Information provided START

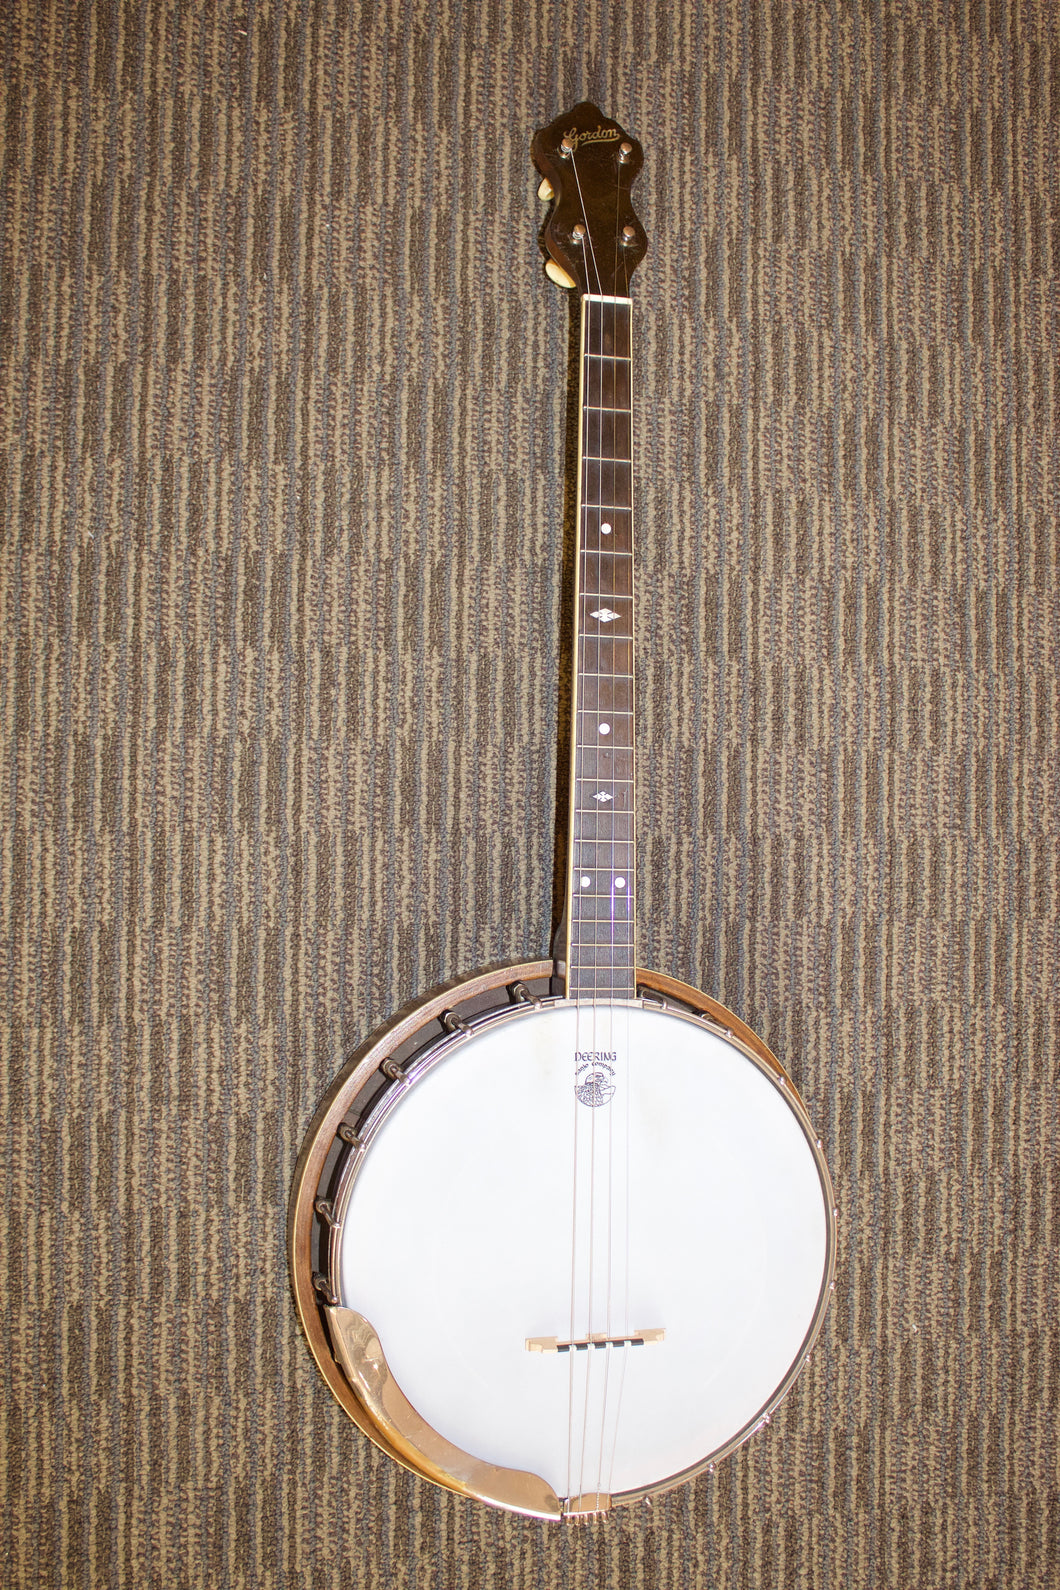 Gordon Tenor Banjo c. 1920s
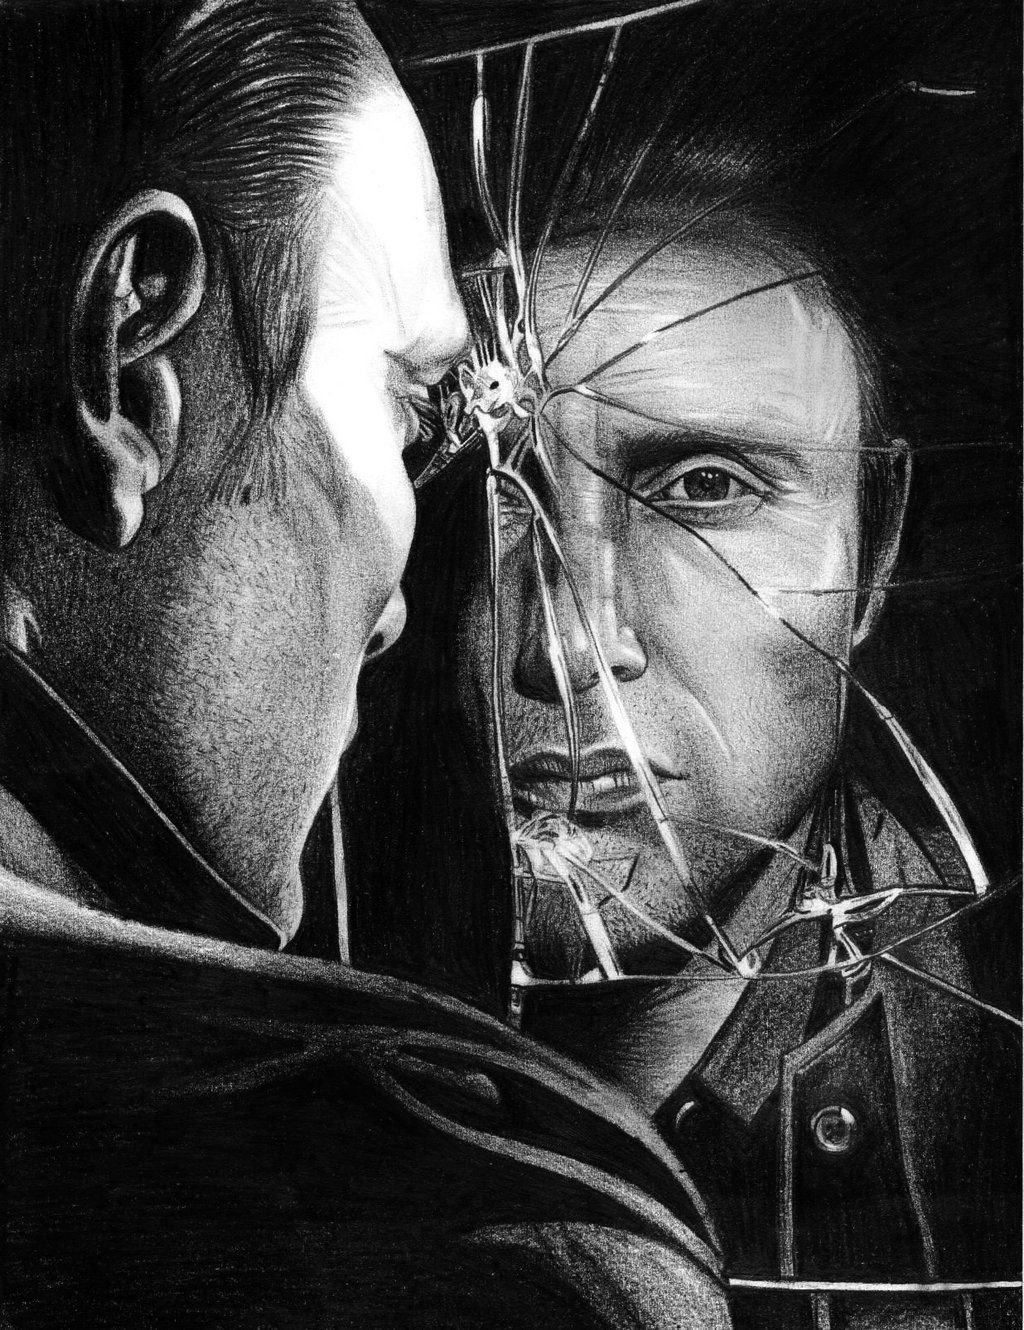 Разбитые отражения фф. Лицо в разбитом зеркале. Отражение мужчины в разбитом зеркале. Мужское лицо разбитом зеркале. Отражение в разбитом зеркале арт.
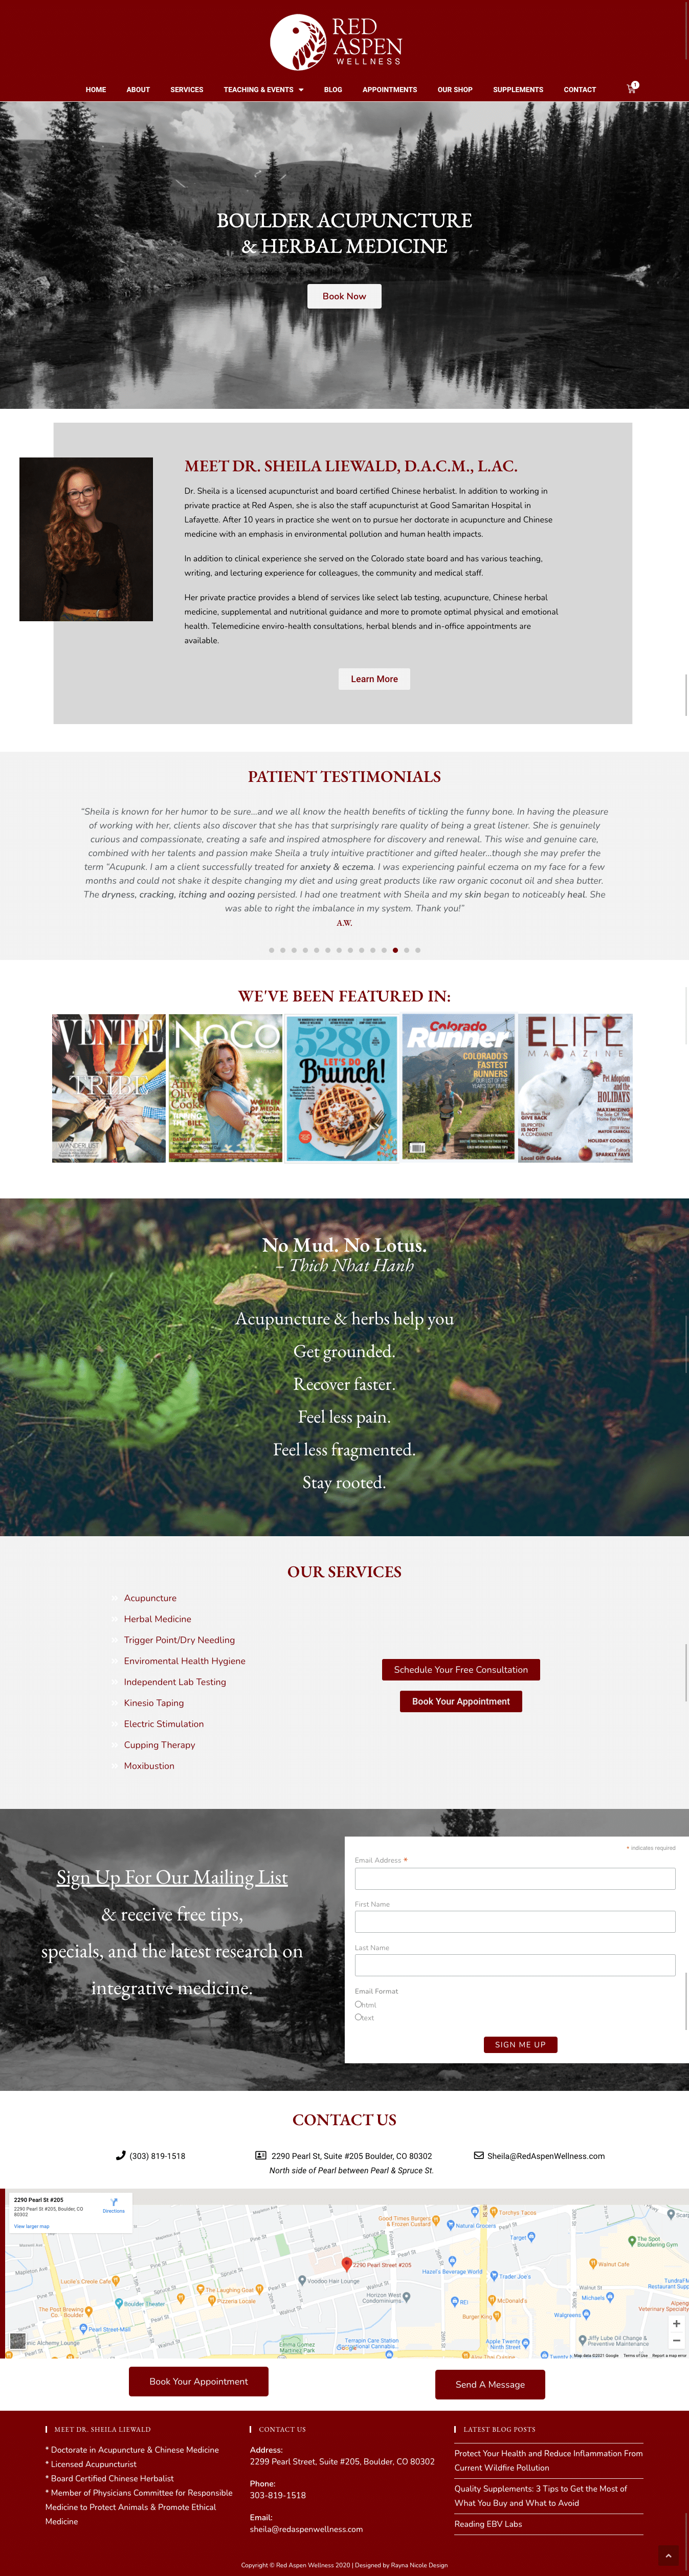 homepage of red aspen wellness
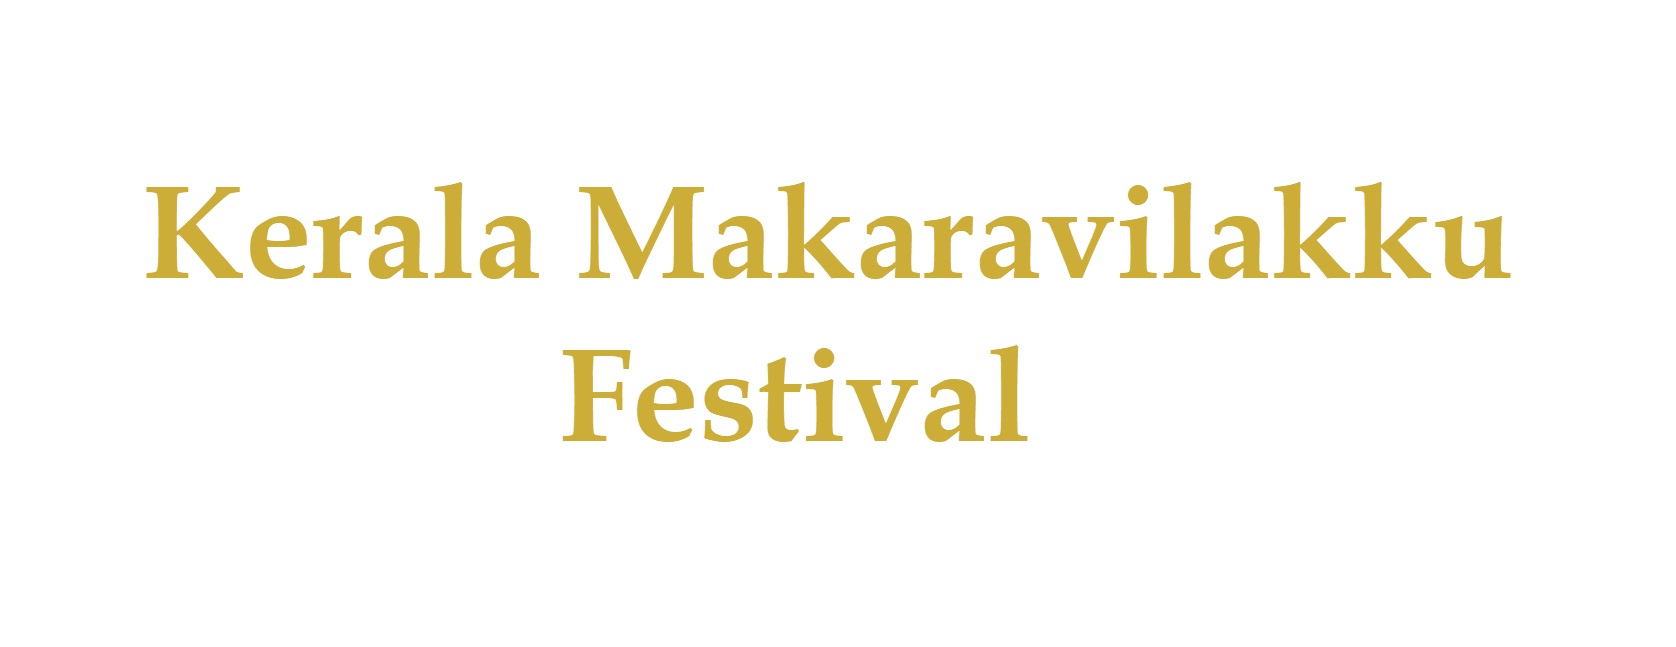 Makaravilakku Festival Tour, Kerala

Information provided END

What is required:
Your task is to restate word for word the lines from the line holding "Разбитые отражения фф." through the final line of the listing, both included, but none of the pictures.

Answer space:
 Разбитые отражения фф. Лицо в разбитом зеркале. Отражение мужчины в разбитом зеркале. Мужское лицо разбитом зеркале. Отражение в разбитом зеркале арт.
 homepage of red aspen wellness
 Makaravilakku Festival Tour, Kerala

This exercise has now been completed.